What is expected: Of the lines in the material below, print only those from the one containing "Bola Futebol de" to the one containing "A man lies awake and scared to go to sleep.", ends included, exactly as written and without pictures.

Exercise input:

○ ○ ○ ○ ○

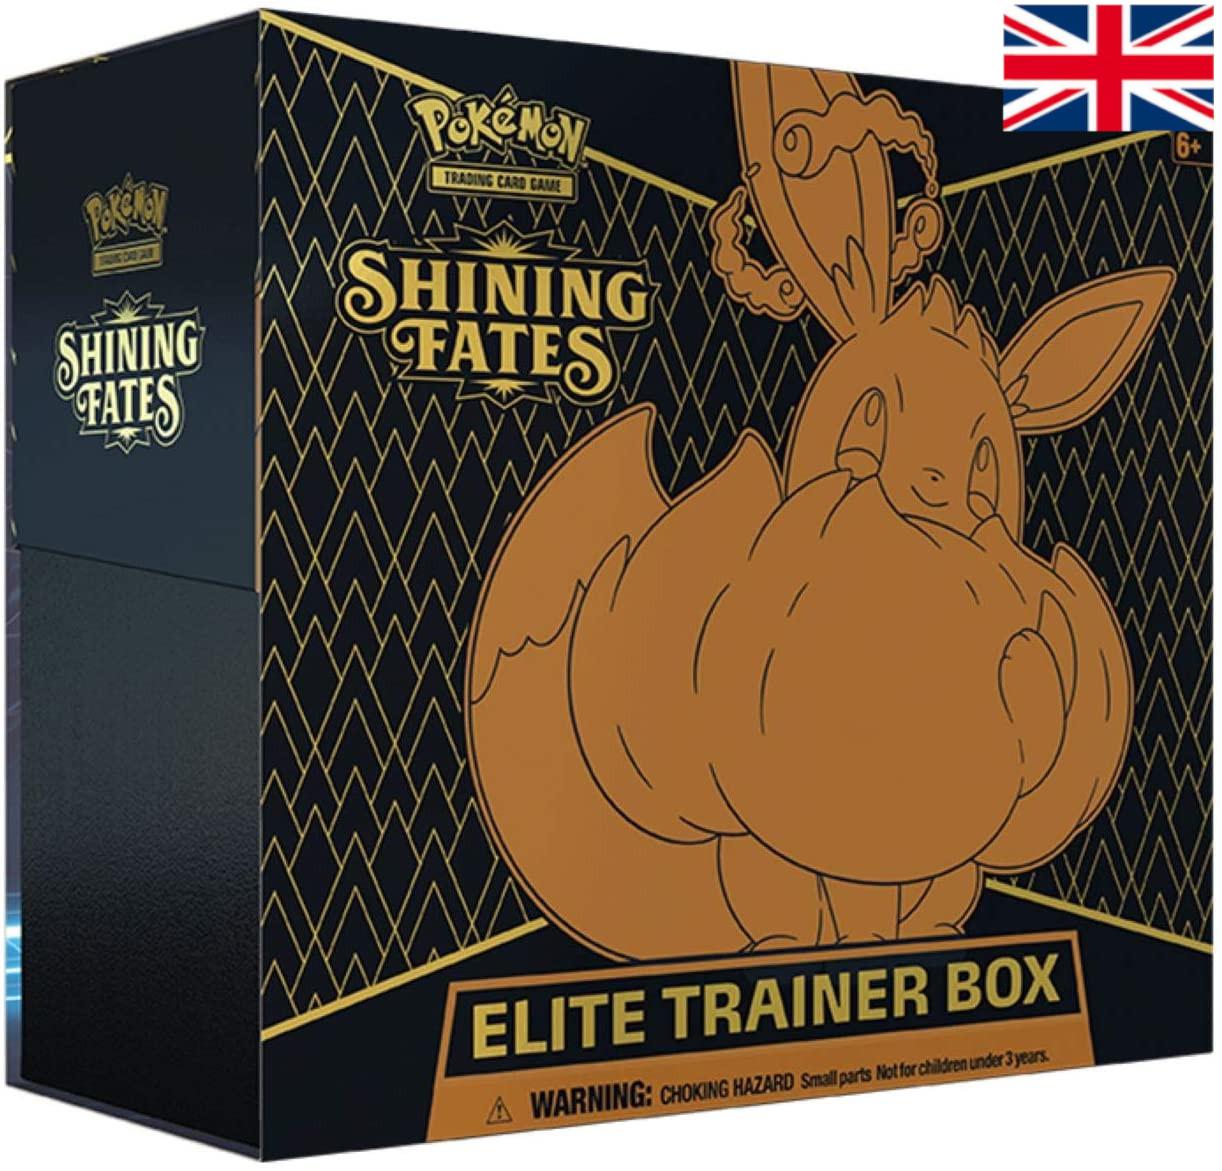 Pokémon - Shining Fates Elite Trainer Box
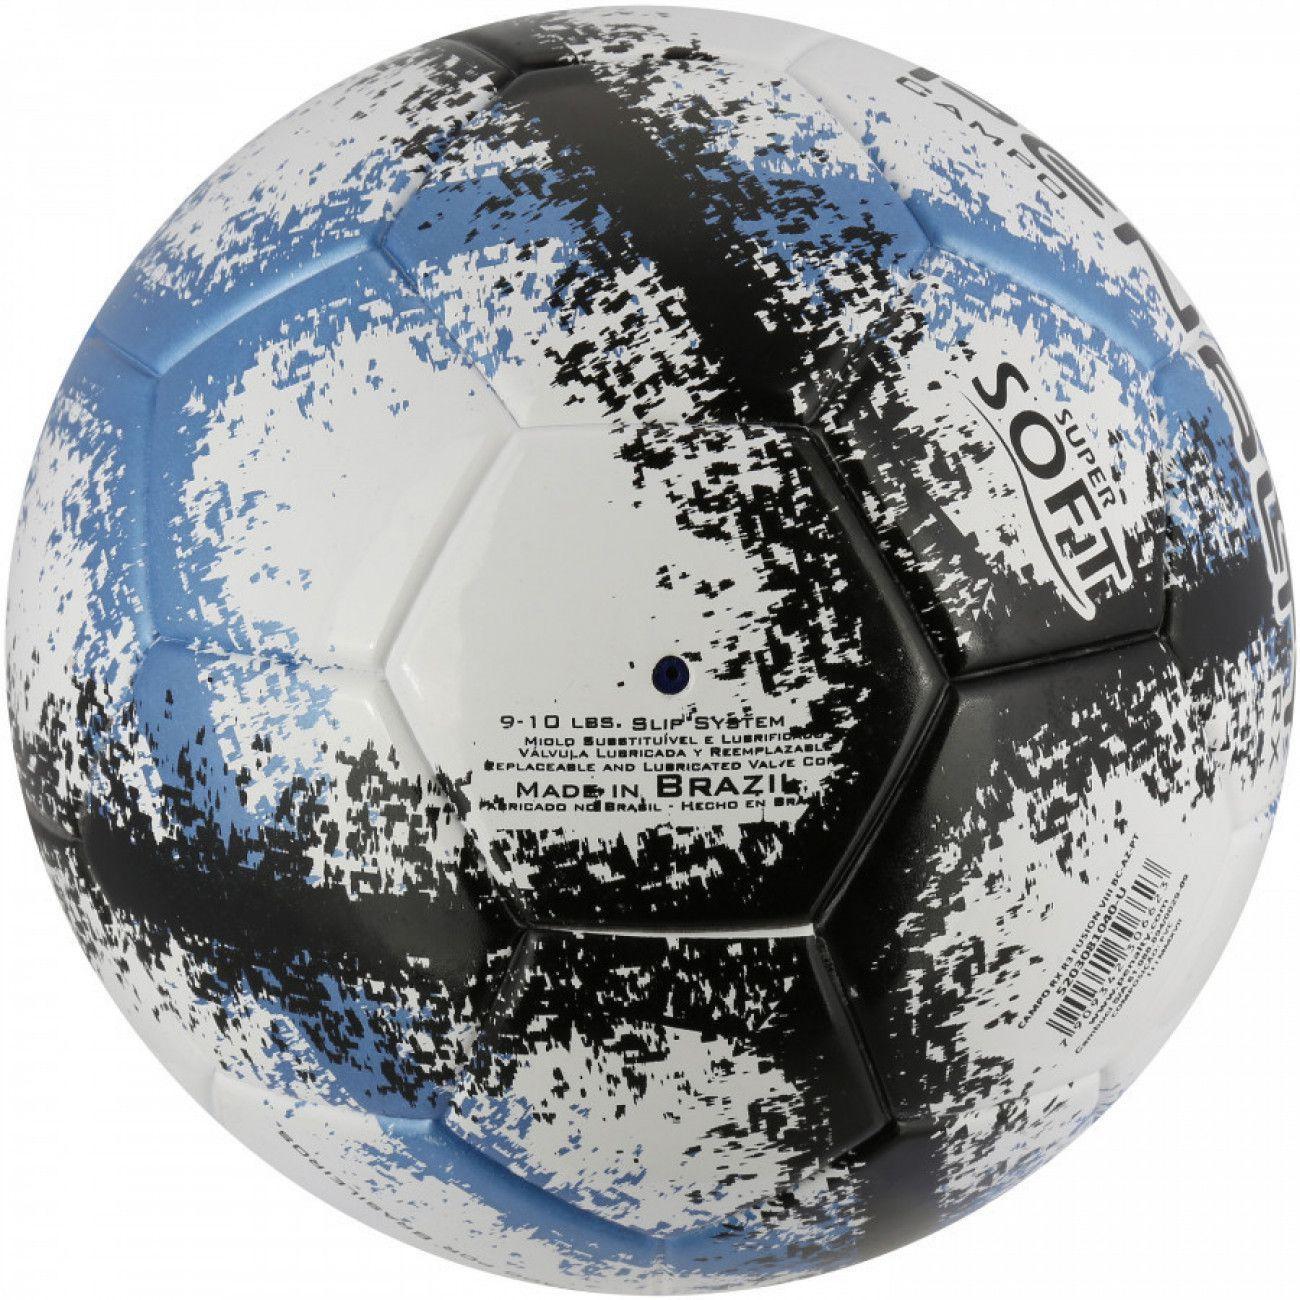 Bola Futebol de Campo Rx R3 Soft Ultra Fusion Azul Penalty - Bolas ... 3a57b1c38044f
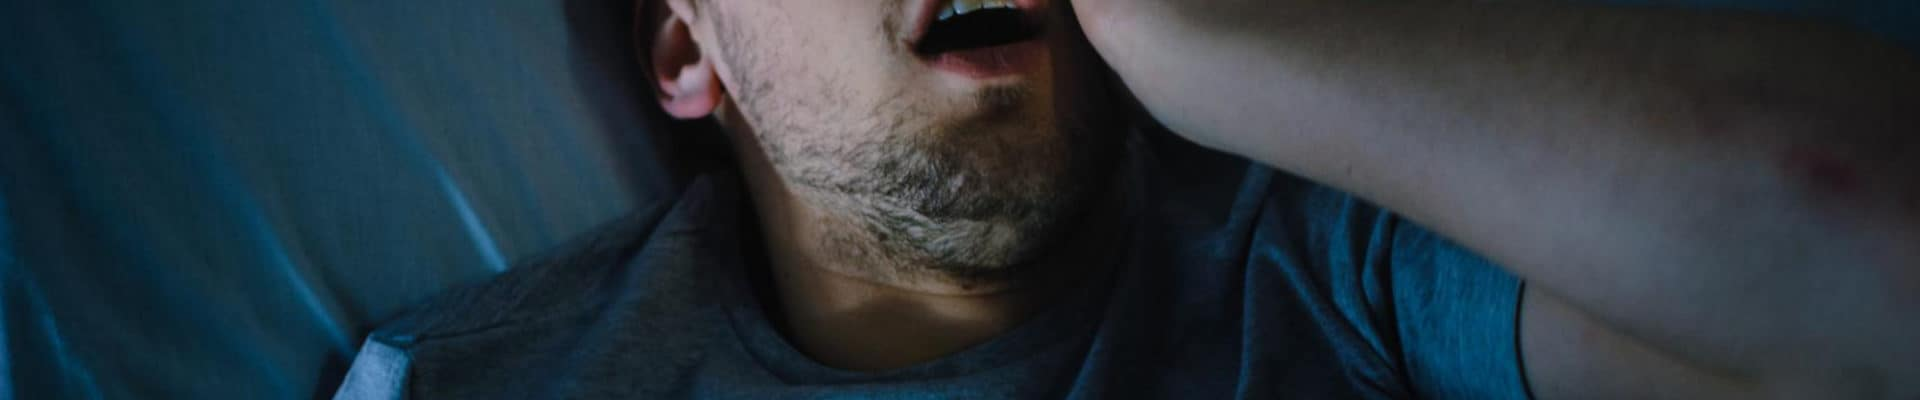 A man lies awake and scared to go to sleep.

○ ○ ○ ○ ○

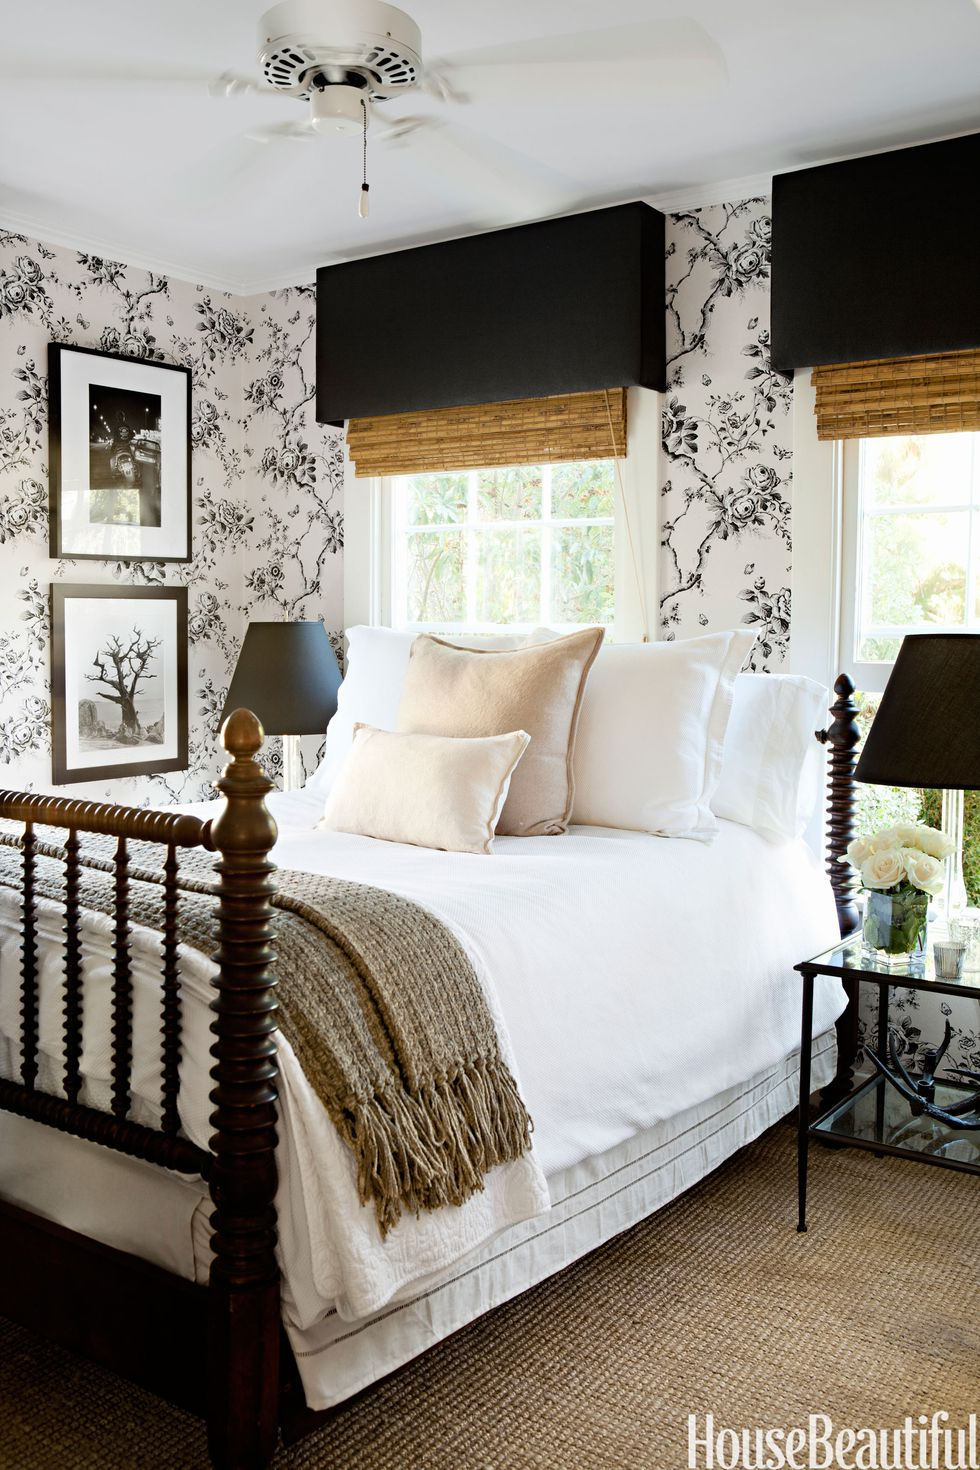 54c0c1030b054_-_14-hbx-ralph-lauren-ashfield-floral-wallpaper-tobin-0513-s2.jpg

○ ○ ○ ○ ○

Solution:
 Bola Futebol de Campo Rx R3 Soft Ultra Fusion Azul Penalty - Bolas ... 3a57b1c38044f
 A man lies awake and scared to go to sleep.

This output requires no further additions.